WHEREAS, Seller and Buyer have entered into the Agreement;
Section 1. Amendments.
(a) Defined Terms. Unless otherwise defined herein, terms defined in the Agreement are used herein as therein defined.
(b) Section 11(o) of the Agreement is hereby amended and restated in its entirety to read:
“Leverage Ratio. Guarantor will not permit (i) the Quarterly Average Leverage Ratio for any period of measurement to be greater than 10.0 to 1.0, (ii) the Daily Leverage Ratio on any date to be greater than 15.0 to 1.0, or (iii) the Adjusted Leverage Ratio as of the last day of each fiscal quarter to be greater than 12.0 to 1.0. NCMC will not permit the Leverage Ratio of NCMC to be greater than 10.0 to 1.0 as of the last day of each fiscal quarter of NCMC.”
(c) Section 11(o) of the Agreement is hereby amended and restated in its entirety to read:
“Restricted Payments.
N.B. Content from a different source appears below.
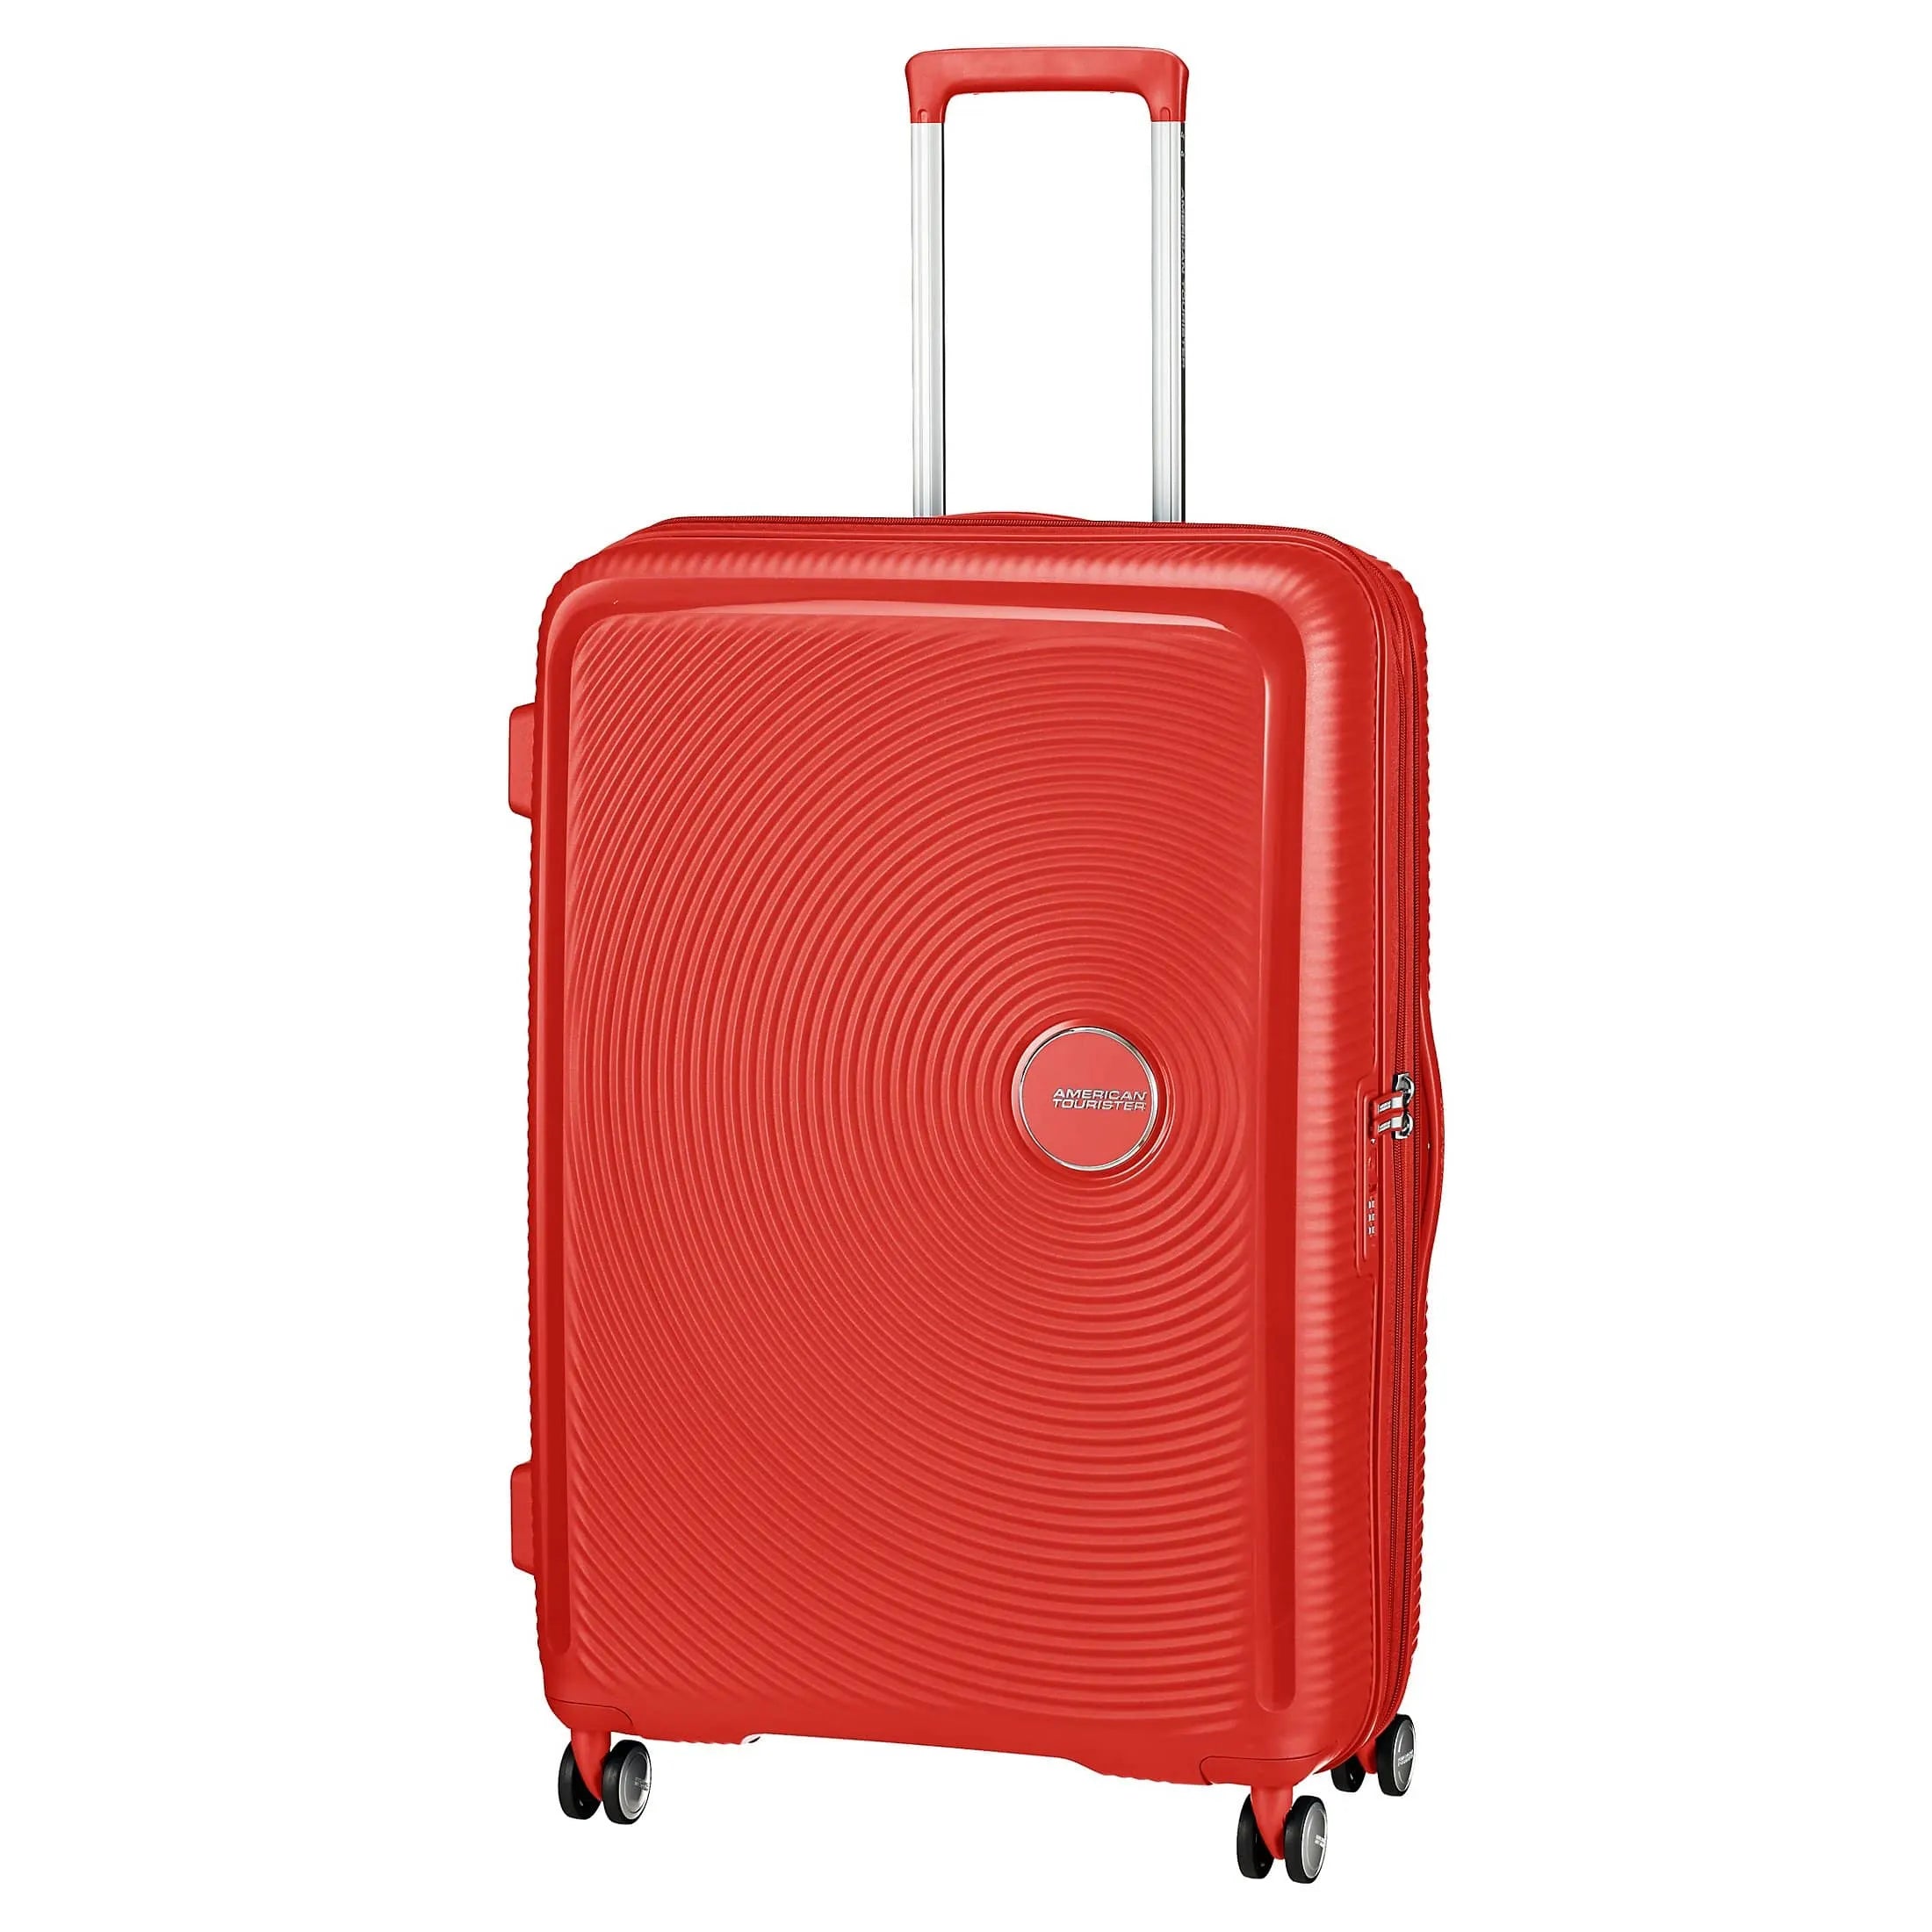 American Tourister Soundbox 4-Rollen-Trolley 77 cm - coral red

Guarantor, NCCC and NCMC will not make any Restricted Payments, other than (a) dividends paid by Guarantor on its Common Stock not to exceed $0.60 per share in any calendar year, or dividends in the form of Common Stock if such dividend is used to accomplish a stock split, (b) repurchases by Guarantor of up to 5,000,000 shares of its Common Stock on the open market or in negotiated transactions; and (c) dividends paid by NCMC to Guarantor to enable Guarantor to pay dividends as provided in clause (a) above; provided, that in each case both before and after giving effect to such dividends or repurchases, Guarantor, NCCC and NCMC are in compliance
with the covenants set forth in Section 11 of this Agreement and no Event of Default or Default has occurred and is continuing.”
Section 2. Effectiveness of the Amendment. The Amendment shall become effective upon receipt by the Buyer of evidence satisfactory to the Buyer that this Amendment has been executed and delivered by the Seller.
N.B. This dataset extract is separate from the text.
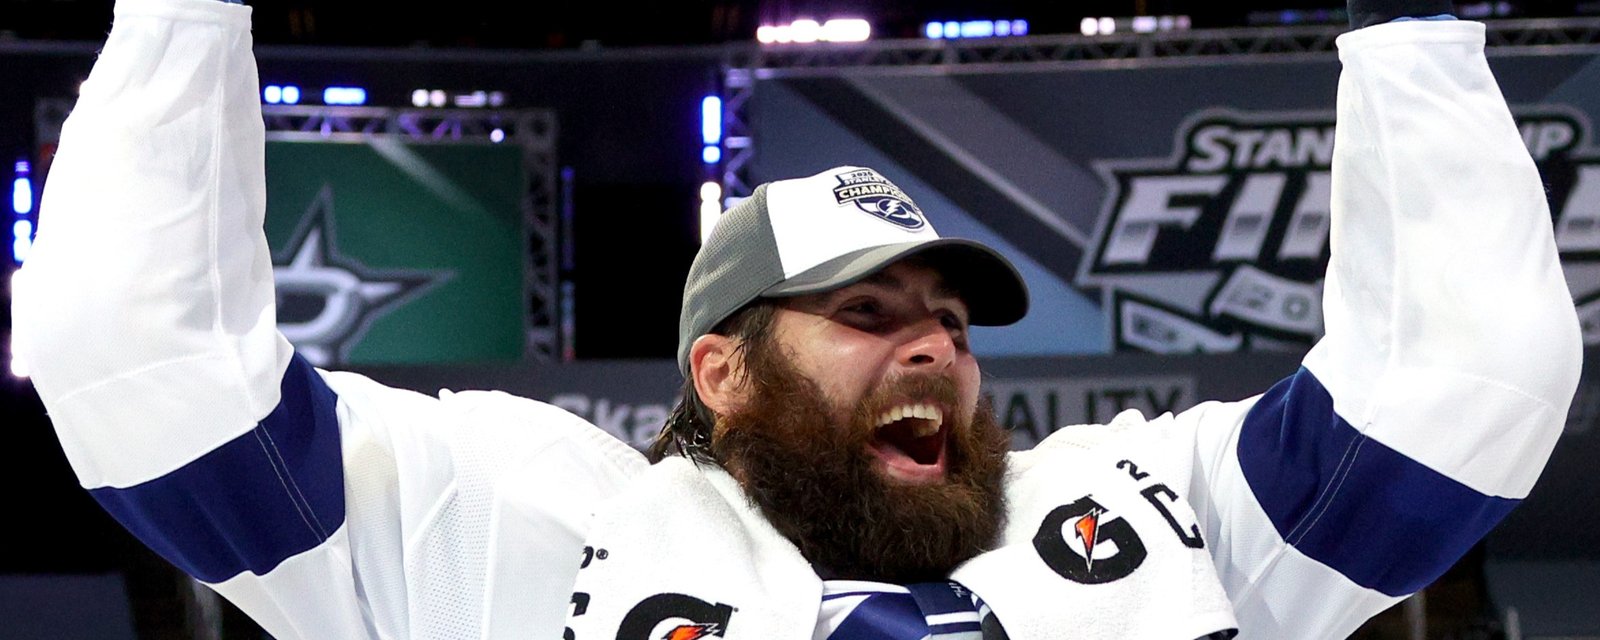 Pat Maroon promises to win third consecutive Stanley Cup in hilarious post!

Section 3. Ratification of Agreement. As amended by this Amendment, the Agreement is in all respects ratified and confirmed and the Agreement as so modified by this Amendment shall be read, taken, and construed as one and the same instrument.
Section 4. Representations and Warranties. To induce the Buyer to enter into this Amendment, the Seller hereby represents and warrants to the Buyer that, after giving effect to the amendments provided for herein, the representations and warranties contained in the Agreement and the other Repurchase Documents will be true and correct in all material respects as if made on and as of the date hereof and that no Default or Event of Default will have occurred and be continuing.
Section 5. No Other Amendments. Except as expressly amended hereby, the Agreement and the other Repurchase Documents shall remain in full force and effect in accordance with their respective terms, without any waiver, amendment or modification of any provision thereof.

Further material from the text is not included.